In our case, the IP we extracted here belongs to the VirtualBox machine that is running this specific Node. If the Kubernetes Node would run on a server instead, it would be the publicly accessible IP address of that server.

Now, let’s assume for a moment that the external IP of our node is 172.42.42.100. If you want to run this exercise, you’ll need to replace this with the actual IP of your own Node, in case it differs. 

You will also need to replace the password, with the one that was generated in your case.

Let’s display the password again:

echo $PASSWORD

Select and copy the output you get since we’ll need to paste it in another window.

In our example, the output is 3sun1I8PB41X2C8z91Xe7DGy, but you shouldn’t use this. We brought attention to this value just so you can see where your password should be placed in the next command.

Next, minimize your current SSH session or terminal window, don’t close it, as you’ll soon return to that session. 

Windows: If you’re running Windows, open up a Command Prompt and execute the next command. 

Linux/Mac: On Linux or Mac, you would need to open up a new terminal window instead. 

Windows 10 and some versions of Linux have the cURL utility installed by default. If it’s not available out of the box for you, you will have to install it before running the next command. 

Remember to replace highlighted values with what applies to your situation:

curl -u "elastic:3sun1I8PB41X2C8z91Xe7DGy" -k "https://172.42.42.100:31920"

And there it is, you just accessed your Elasticsearch Node that’s running in a Kubernetes Pod by sending a request to the Kubernetes Node’s external IP address. 

Now let’s close the Command Prompt or the Terminal for Mac users and return to the previously minimized SSH session, where we’re logged in to the kmaster Node.

Setting Up Kibana

Creating the Kibana Pod

As we did with our Elasticsearch node, we’ll declare to Kubernetes what state we want to achieve, and it will take the necessary steps to bring up and maintain a Kibana instance.
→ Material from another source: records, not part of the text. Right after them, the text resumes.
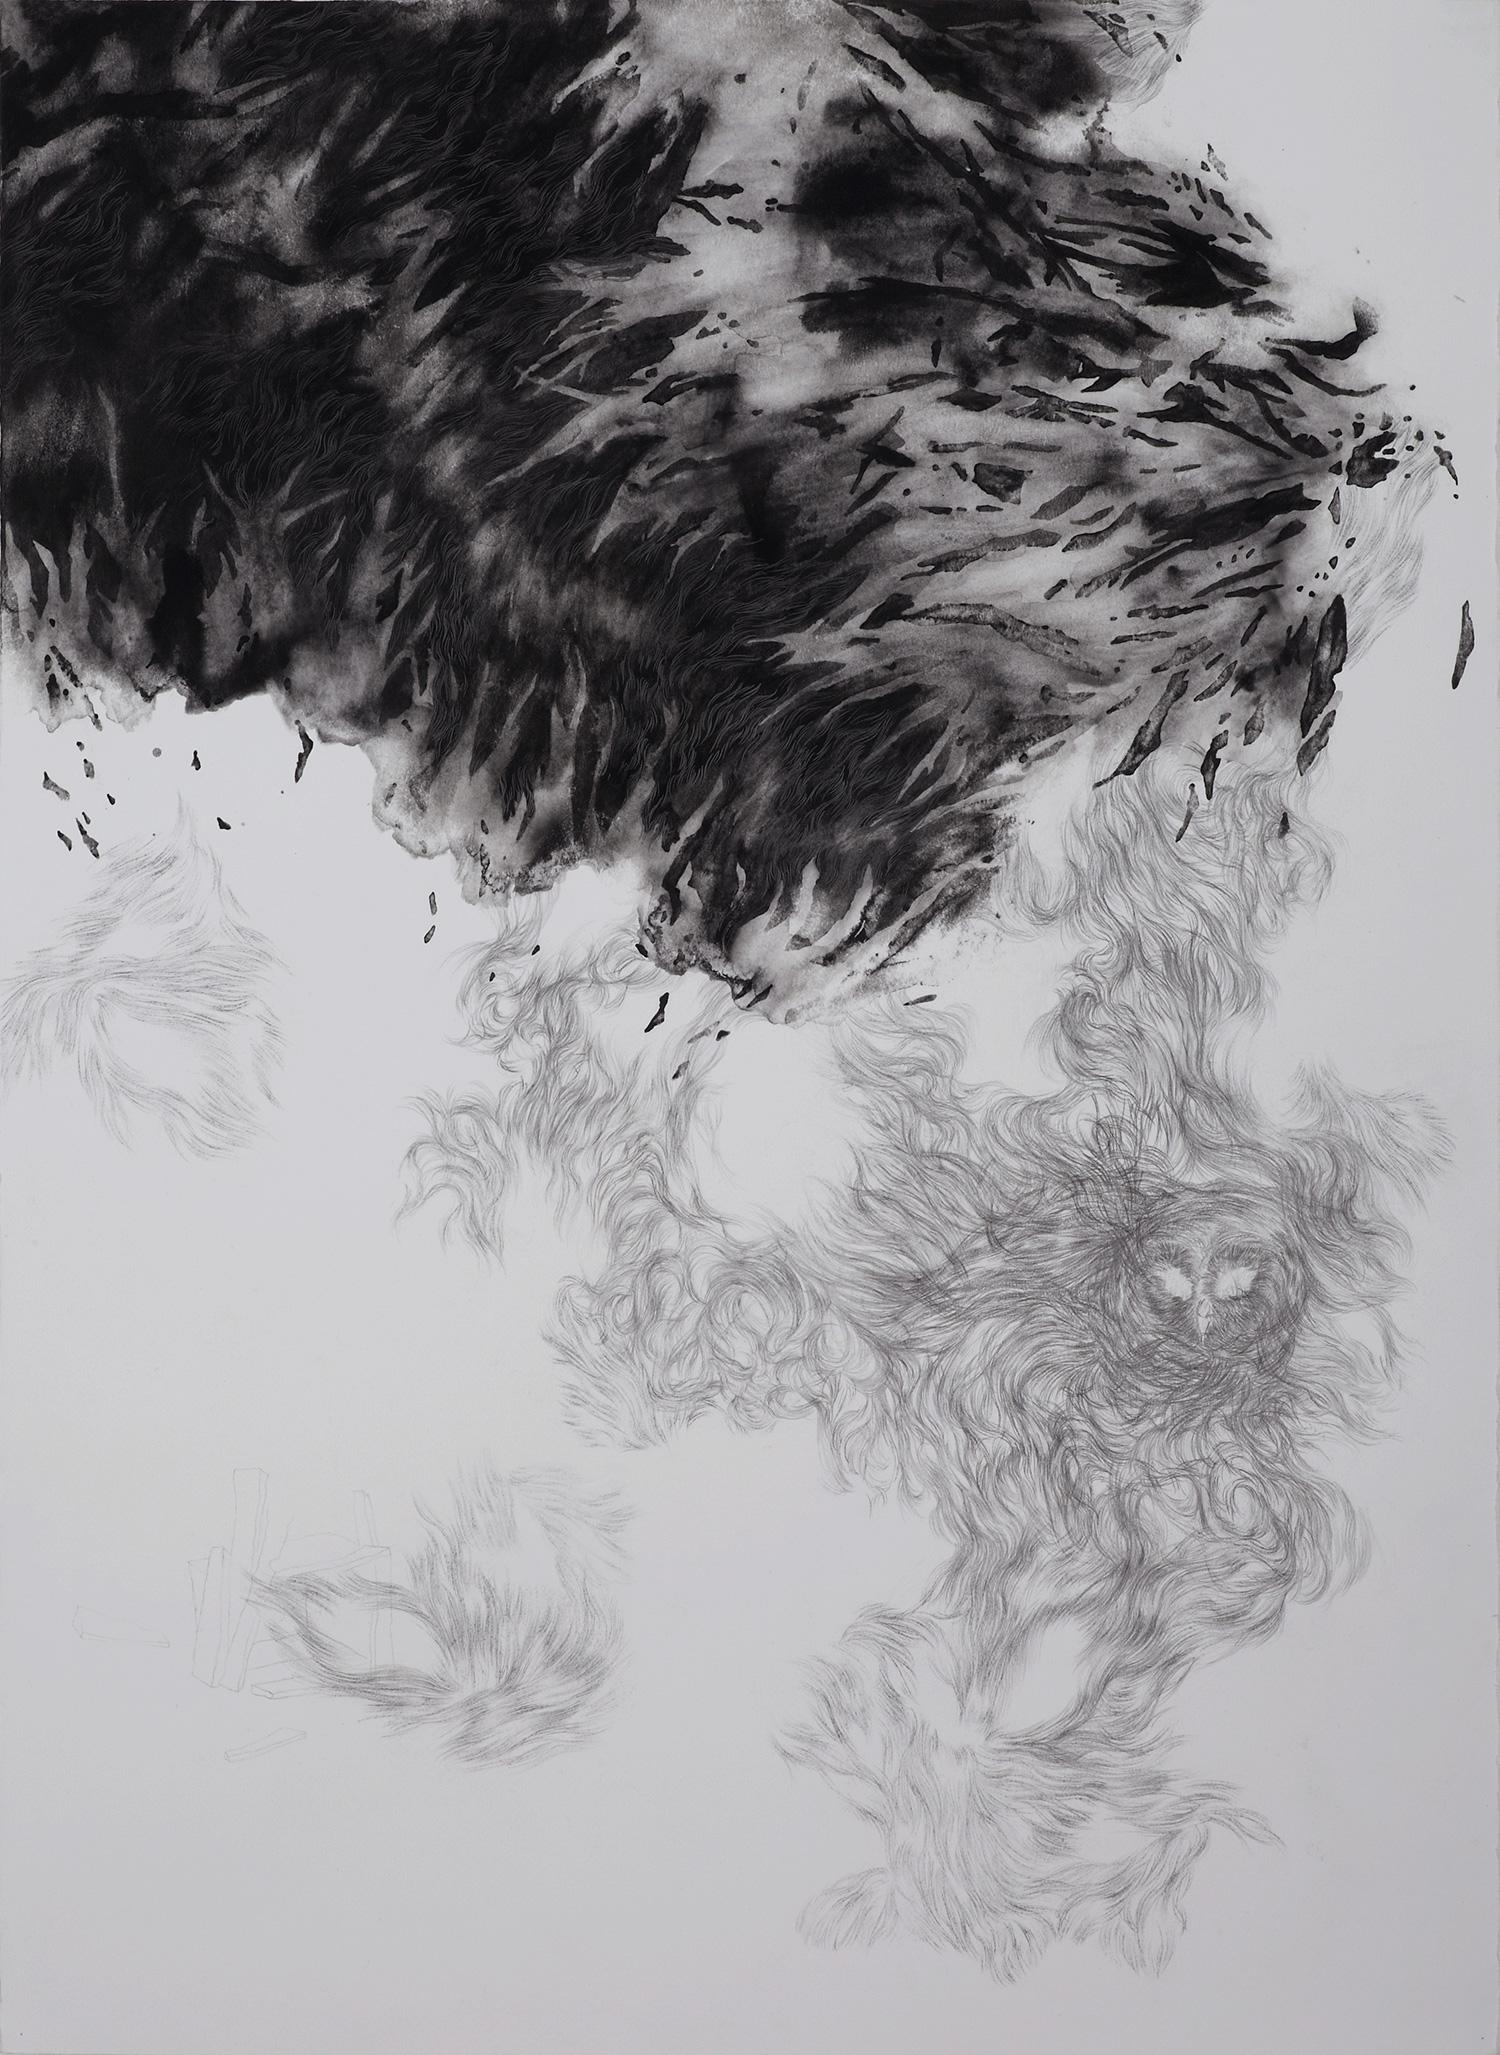 <i>Vol nocturne</i>, 2014, graphite et gouache, 80x60cm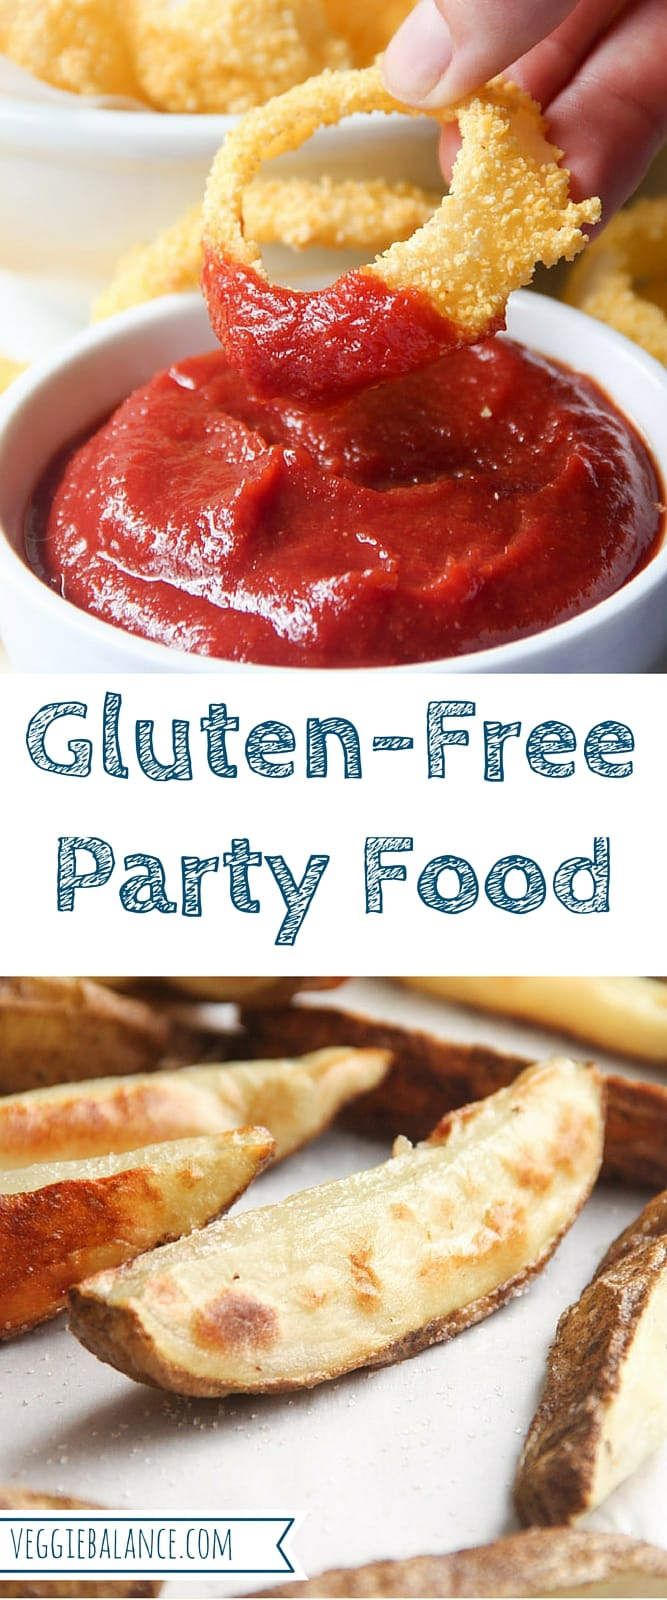 Gluten-Free Party Food Cookbook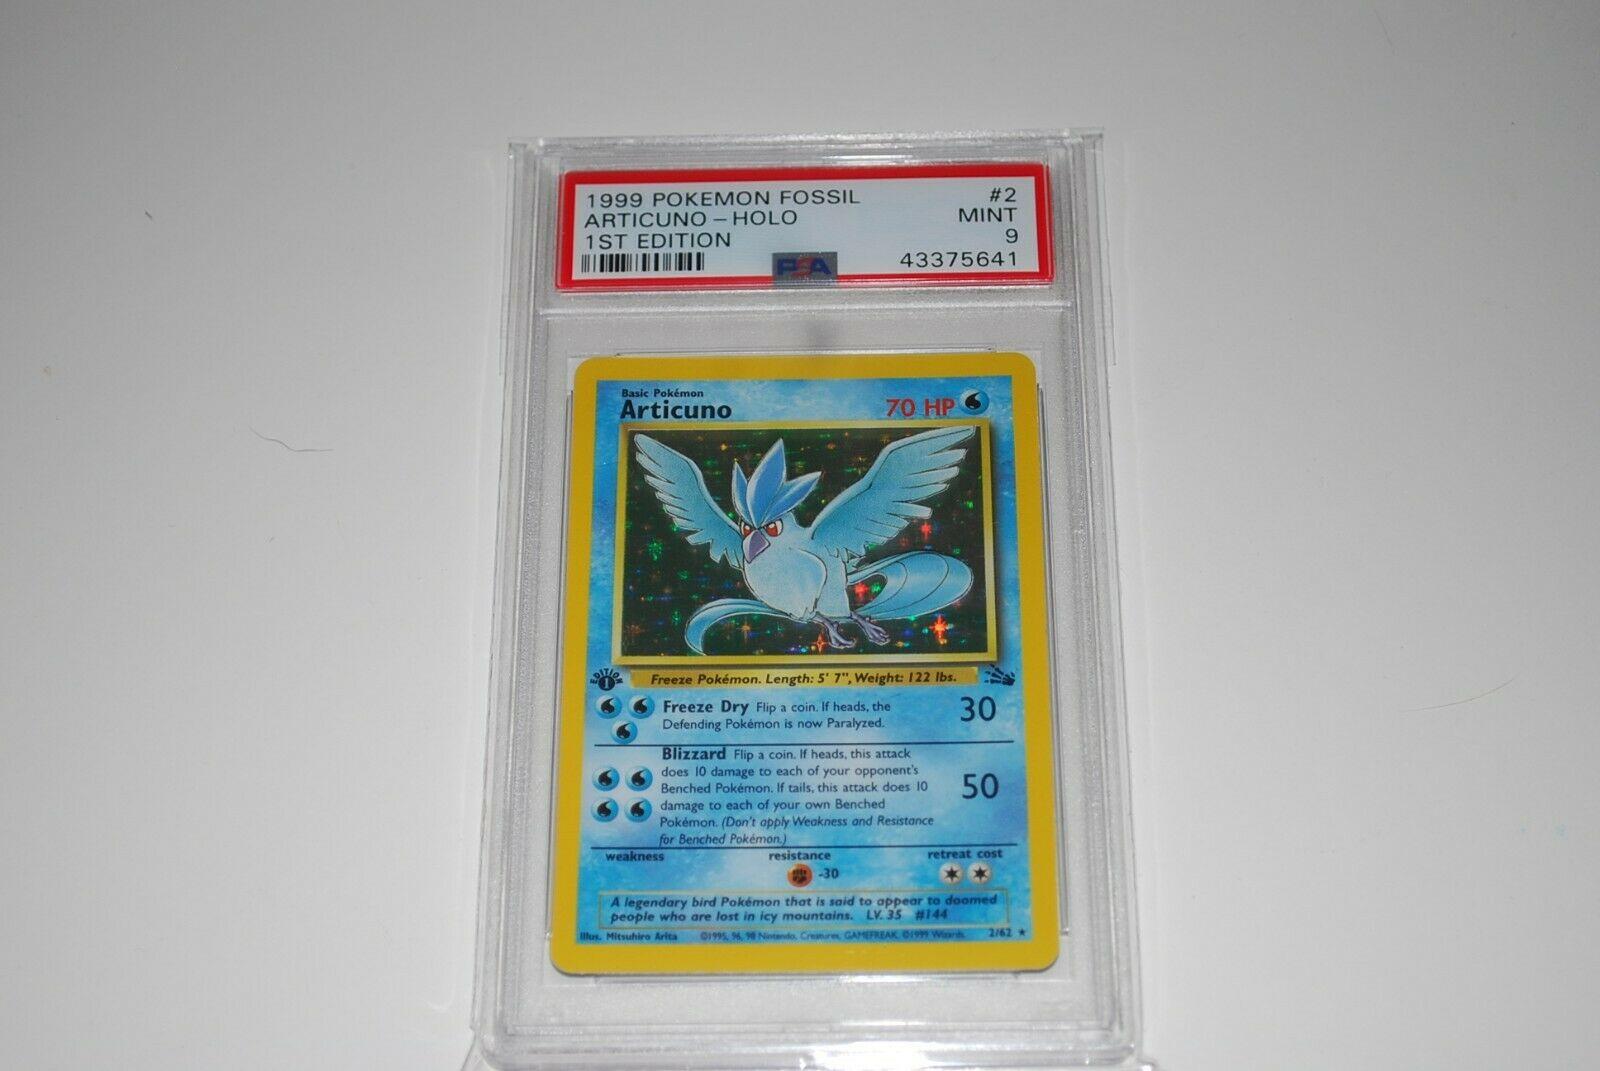 PSA 9 Mint 1st Edition Articuno Holo 262 Fossil Pokemon Card 1999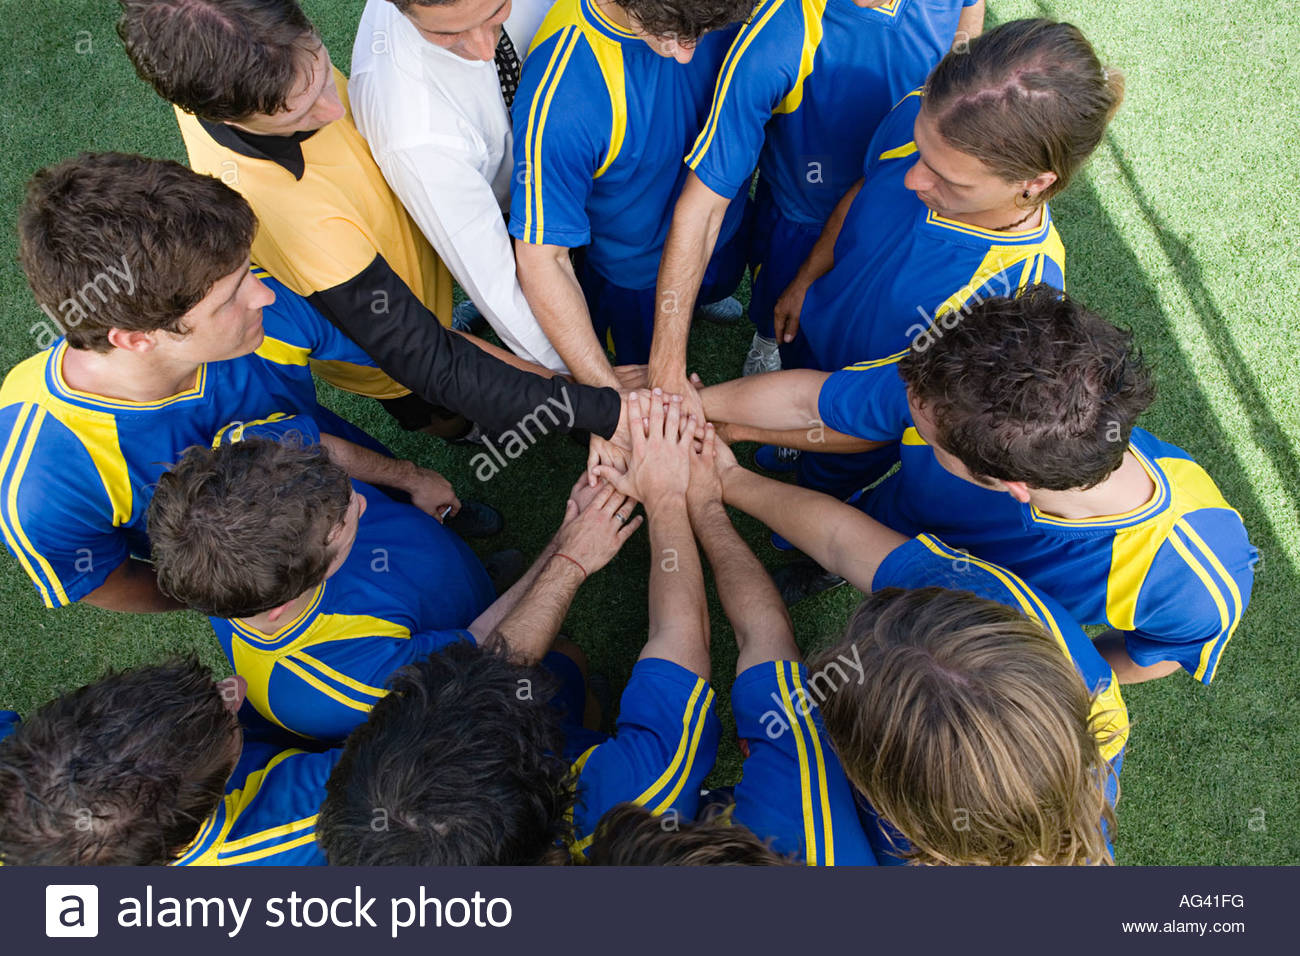 Footballers bonding - Stock Image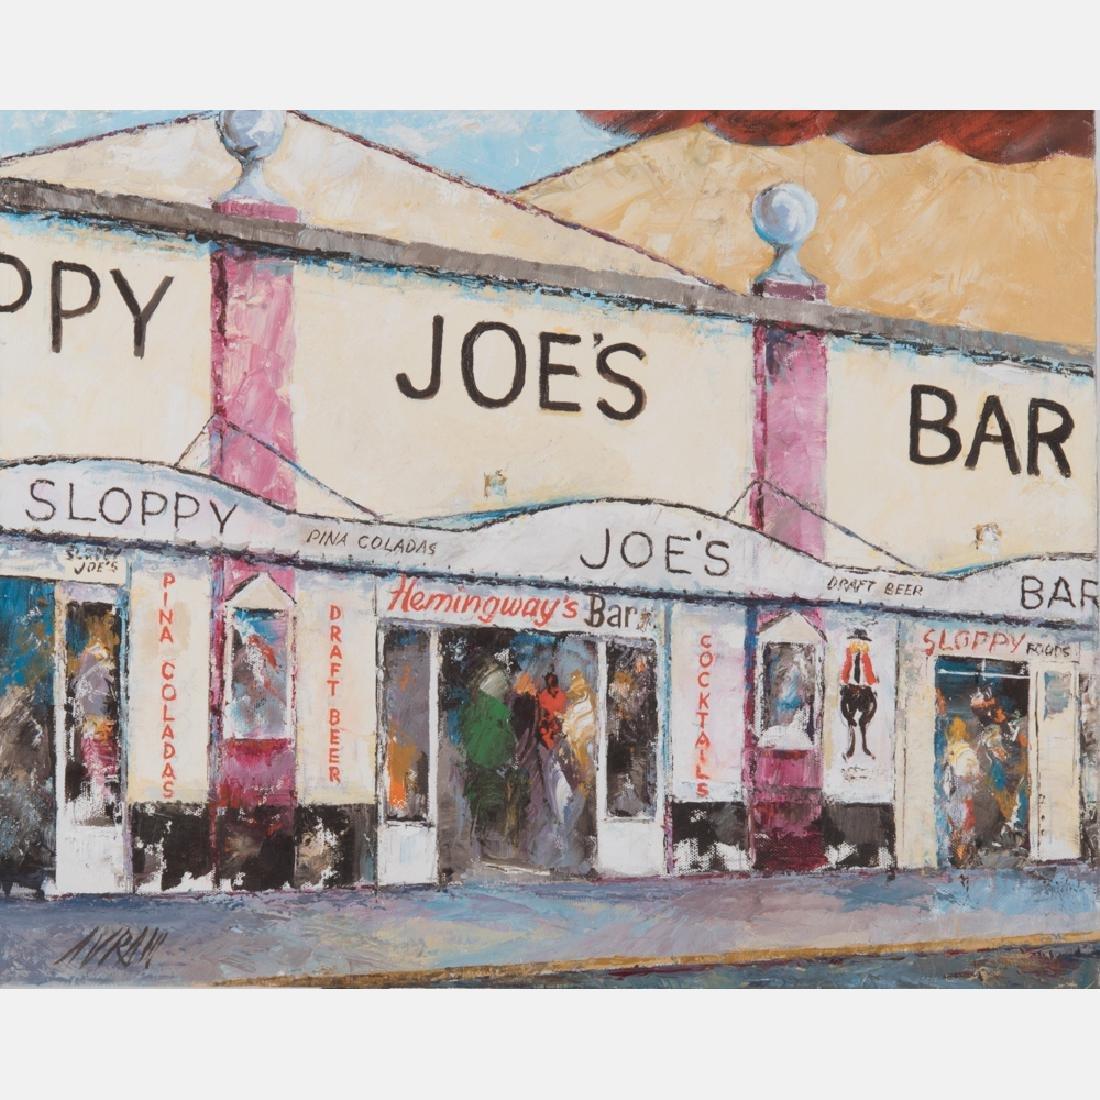 Avram (20th Century) Sloppy Joe's Bar, Oil on canvas,

Let’s look at a few key points in the YAML file that we’ll pass to the kubectl command:

Image link

  1. The elasticsearchRef entry is important, as it points Kibana to the Elasticsearch cluster it should connect to.
  2. In the service and ports sections, we can see it’s similar to what we had with the Elasticsearch Node, making it available through a NodePort service on an external IP address.

Now let’s apply these specifications from our YAML file:

kubectl apply -f https://raw.githubusercontent.com/coralogix-resources/elastic-cloud-on-kubernetes-webinar/master/02_kibana.yaml

It will take a while for Kubernetes to create the necessary structures. We can check its progress with:

kubectl get pods

The name of the Kibana pod will start with the string “quickstart-kb-“. If we don’t see “1/1” under READY and a STATUS of Running, for this pod, we should wait a little more and repeat the command until we notice that it’s ready.

Accessing the Kibana Web User Interface

Let’s list the services again to extract the port number where we can access Kibana.

kubectl get svc

We can see the externally accessible port is 31560. We also need the IP address of a Kubernetes Node. 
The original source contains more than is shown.